In other words, galilean distance is not a geometric property. Let me elaborate. In geometry, we can refer to geometric properties as properties that are true no matter how you look at them. Things like the sum of internal angles of a polygon, the length of a vector, the angle of two lines or vectors; all these things are properties of the geometric objects themselves, not of the ways we use to describe them. Take a vector; for example, the vector $v=1\,e_1+1\,e_2$, where the $e_i$ are the cartesian basis vectors $(1,0),(0,1)$. The length of $v$ is $\sqrt{2}$. Now take a new basis that is twice as big as the cartesian basis. The length of $v$ is then still $\sqrt{(\frac{1}{2}2\,e_1)^2+(\frac{1}{2}2\,e_2)^2}=\sqrt{2}$ (note that the components transform into $\frac{1}{2}$ because you're using a "ruler" that is twice as big.
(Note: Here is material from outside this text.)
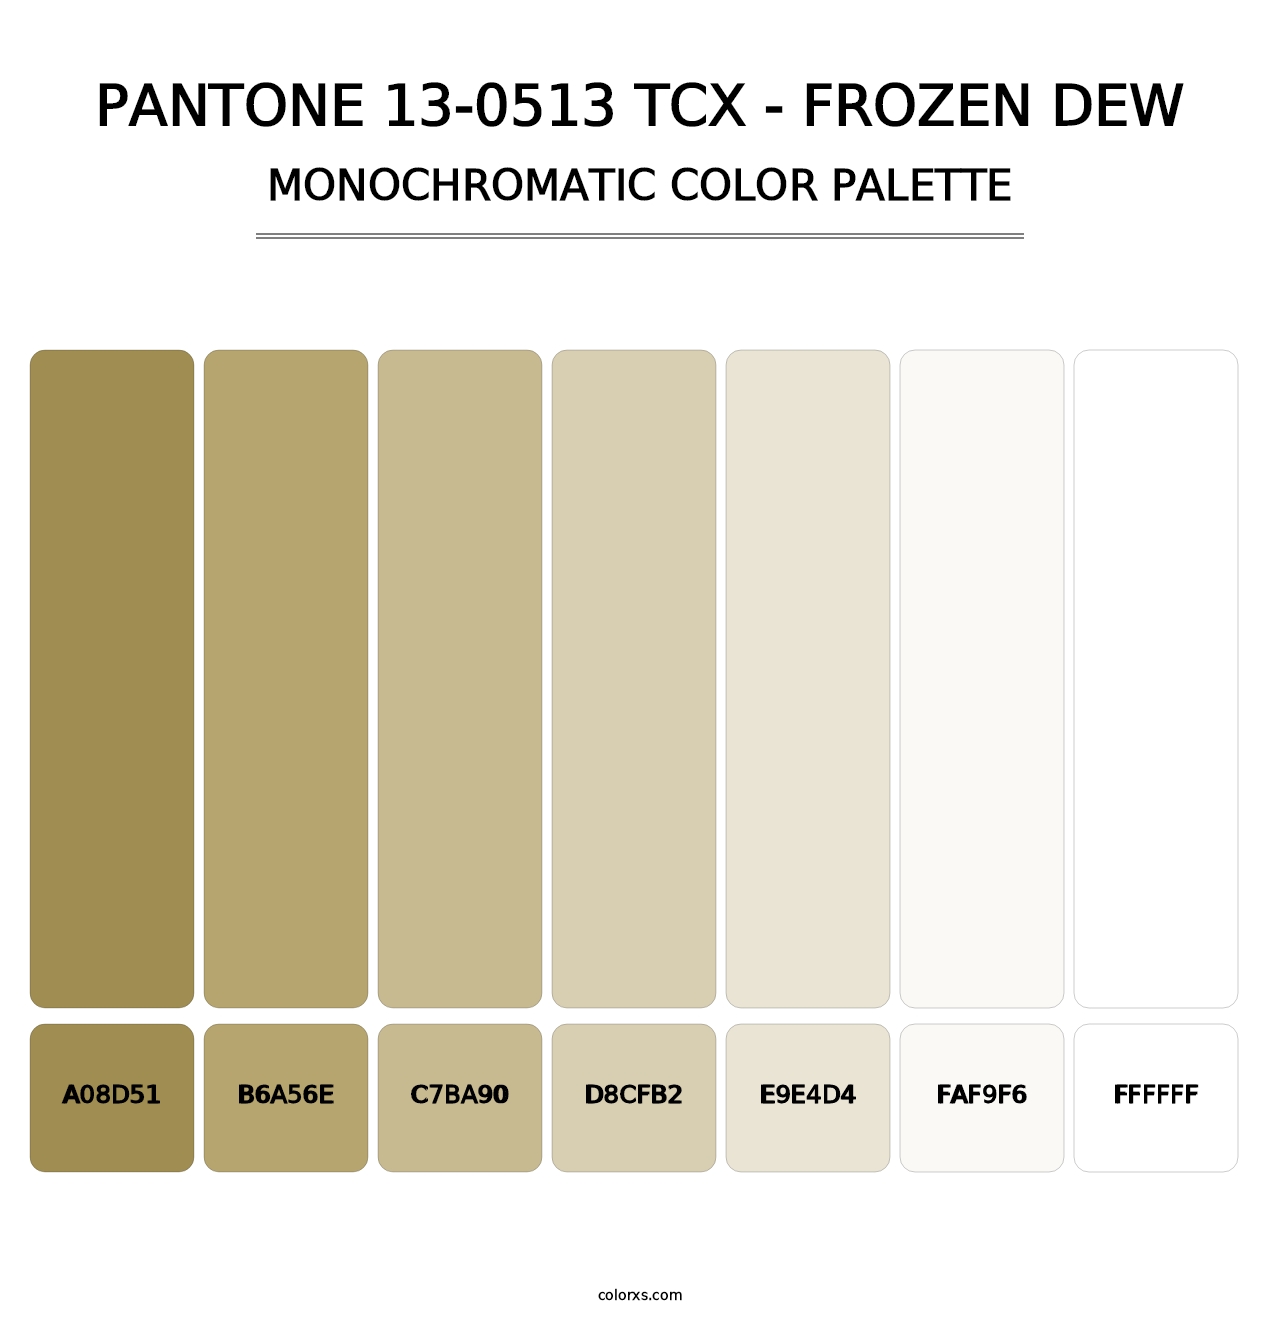 PANTONE 13-0513 TCX - Frozen Dew - Monochromatic Color Palette

This is better visualized if you actually draw this vector out). Galilean distance is not this kind of property.
If our universe didn't abide by the laws of General and Special Relativity, this might be the end of the story. However, this geometrical invariance of the lengths of vectors in geometry inspires us to look for a new definition. You see, measuring length and distance depends on the kind of geometry you're looking at: measuring the lentgh of a line in a plane is not done the same way as measuring the length of a line in a spherical surface. Without getting too much into it, just so you can look it up, this "difference in measuring lengths" is described by a mathematical object called the metric tensor, which is, then, a kind of geometrical invariant ruler (in the sense that you can use it no matter what type of geometry you're looking at) that allows you to measure distances. What is done formally in special and general relativity is then to define a new geometry, composed of space and time, in which this metric tensor thingy is such that the distance travelled by an observer is also a geometric property. We call it the proper time because it coincides with the time measured by a clock attached to the observer in its journey, and it is given by: $$d\tau^2=c^2dt^2-dx^2-dy^2-dz^2$$ (many people would call this the line element, but as the difference is up to a factor of c(the speed of light) I won't worry about that as it is essentially the same up to a matter of units). This expression is intimately tied to this metric tensor ruler and is made so that the speed of light is observed to be the same for every observer. So imagine you are sitting still in your room for 1 time unit (it doesn't really matter which it is), and consider only one spacial dimesion, with respect to which you are at its origin. Your position vector in this new geometry is $S=(1,0)$ so its length is just $c$. It can be shown that if you perform the analogous of a change of reference frames (while enforcing that the speed of light is invariant), then no matter what inertial reference frame you choose, the length of the path that your position traced is always $c$, much like the vector we discussed earlier.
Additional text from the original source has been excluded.